Search code examples
algorithmoptimizationocamlintersectionset-intersection

Fast intersection of two N^4 sets


I'm looking for an algorithm that returns (the length of) the intersection of two given N^4 lists / sets (more precisely in [|0;7|]^4). I'm not expecting an answer in a specific programming language (I'm doing it in OCaml but as this language isn't very popular I don't expect answers to be written in Caml...). Note that solutions involving big pre-computations (for example to completly change the structure of sets) aren't a problem in my case.

I tried to consider N^4 sets as classical integer sets to then intersect them using buit-in set intersections (but this was way too slow for my purpose) and I also tried to consider them as N^2 sets to apply the Lebesgue fast N^2 intersect (this could have worked but it turns out points don't rearrange very randomly over the plane thus making this algorithm quite inefficient).


Solution

  • It is not clear what performance target you are aiming for. Normal set intersection with at most 4096 elements should be not that slow at least for an intersection on generic sets. Typically, the worst case scenario (intersecting the full set with itself) takes around 70µs with OCaml standard set on my computer whereas the best case scenario (intersecting two empty sets) takes 6ns.

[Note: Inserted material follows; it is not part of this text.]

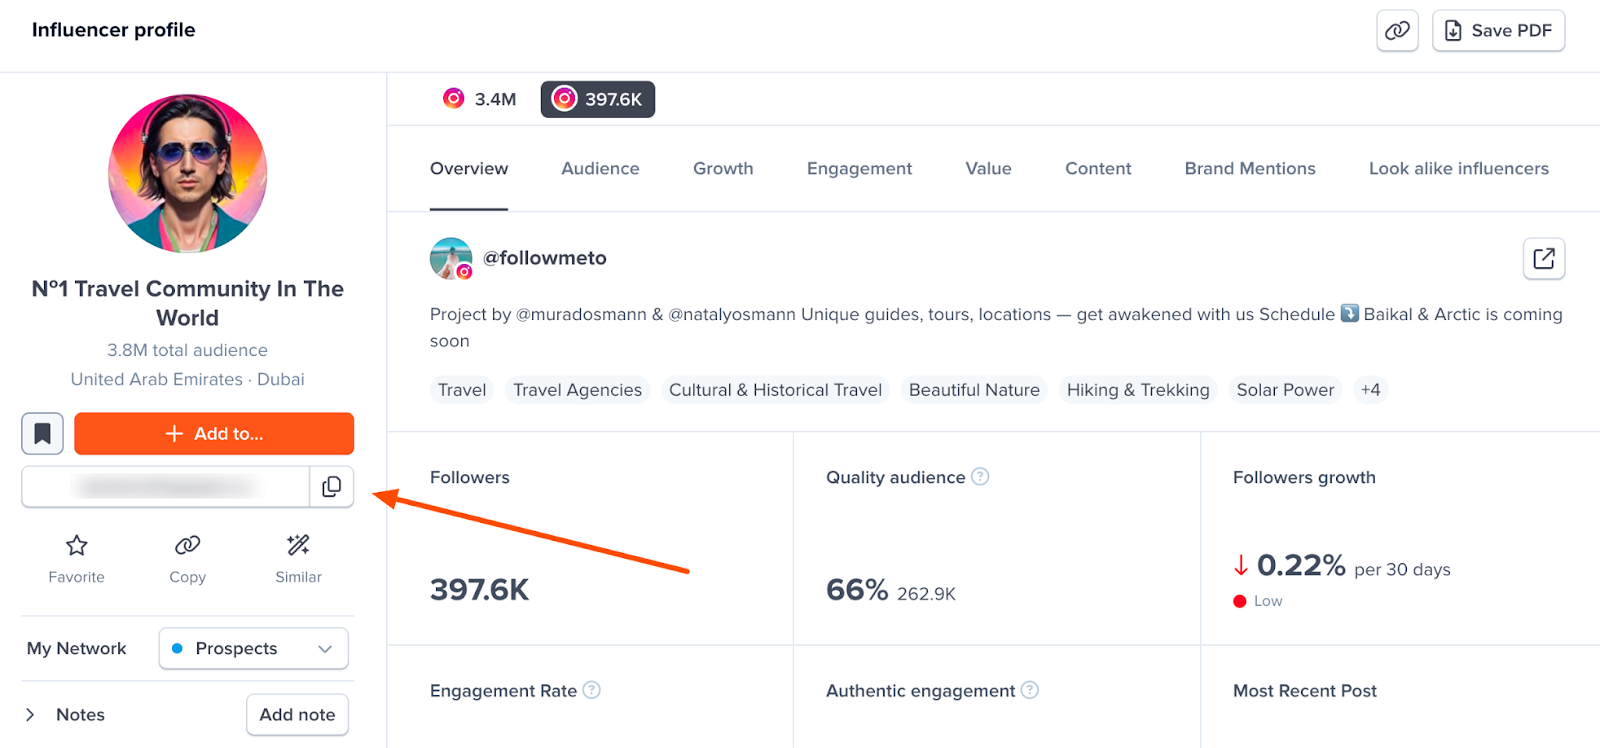 Influencer's contact details in a HypeAuditor report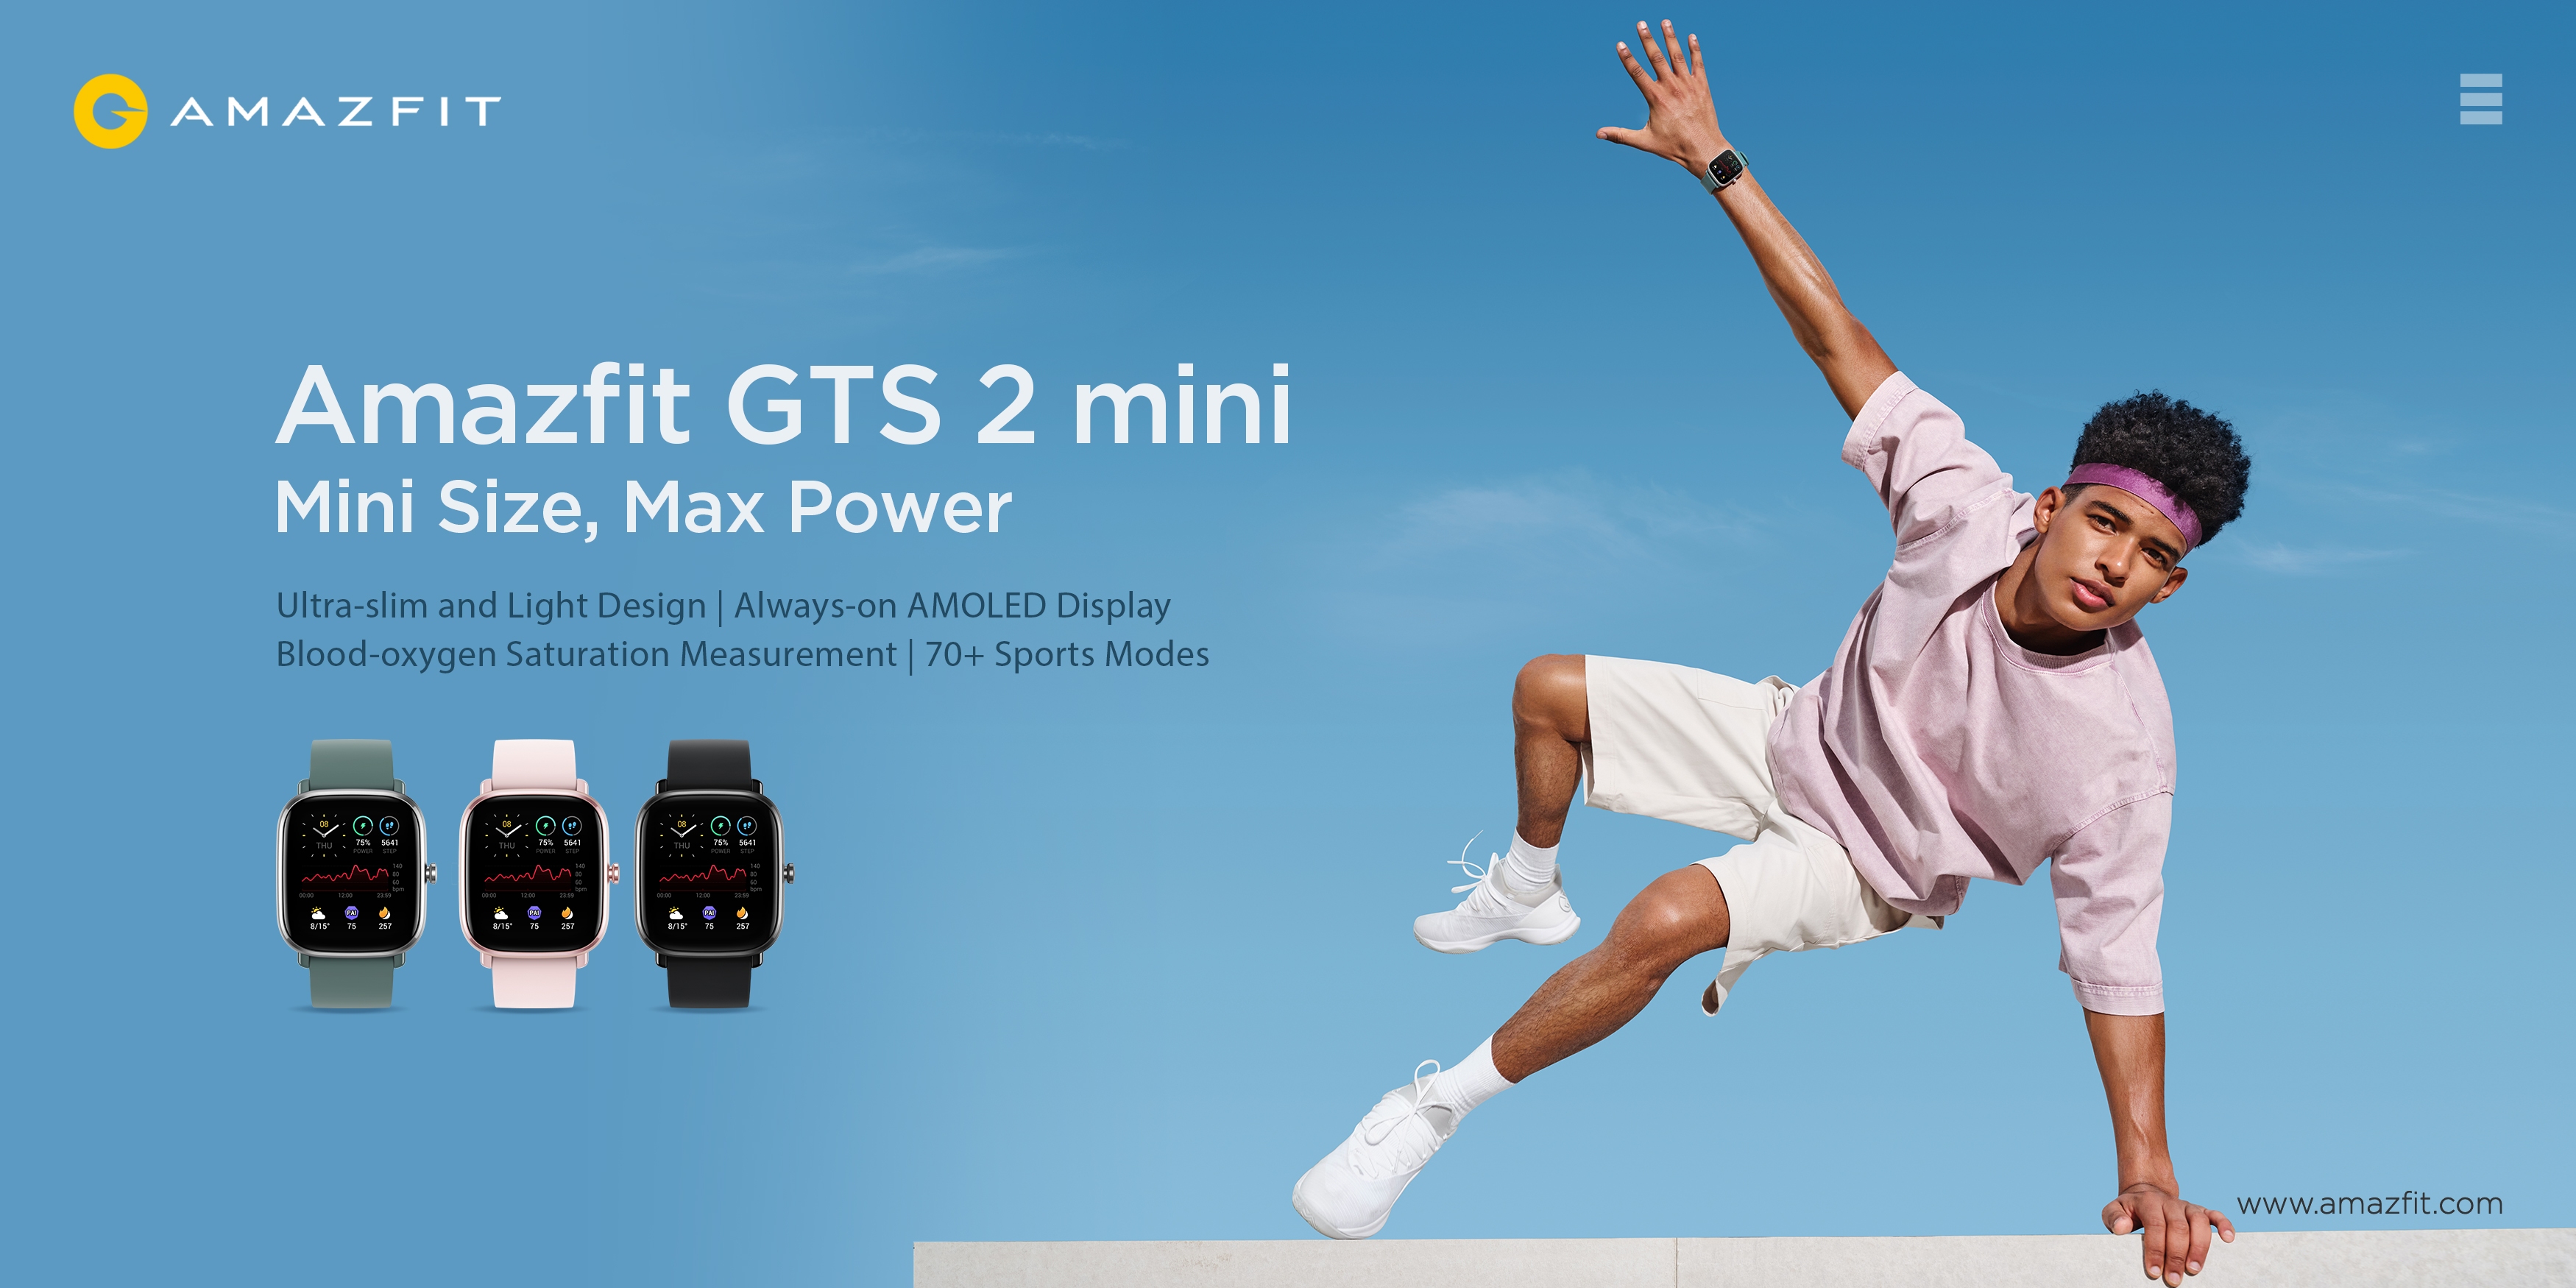 Amazfit Malaysia - For Smartwatch, Fitness Tracker, and More Health Monitoring Products

In particular, computing only the length in O(n) and avoiding to build the result set doesn't seem to improve the performance in the worst case scenario.

    Thus, we are looking at optimizing constants by fitting the algorithm to the data set. Since, your sets have at most 4096 elements, they can be represented as strings of length 4096/8 = 512. With this representation, intersecting two sets is a matter of taking the logical and of the two strings. We can optimize further by computing the length on the fly:

     let inter x y =
        let r = ref 0 in
        for i = 0 to set_size - 1 do
          r := !r + popcount (Char.code x.[i] land Char.code y.[i])
        done;
        !r
    

    This is enough to decrease the computation time to 200 ns with an OCaml implementation of popcount (which counts the number of 1 bit in the character).

    Going further is possible, but at that point we need to either exploit more structure of the data set or we need to fit the algorithm to the hardware by going down to C in order to use the hardware popcount instruction and vectorial SIMD instructions to compute the logical and on larger batch of bytes.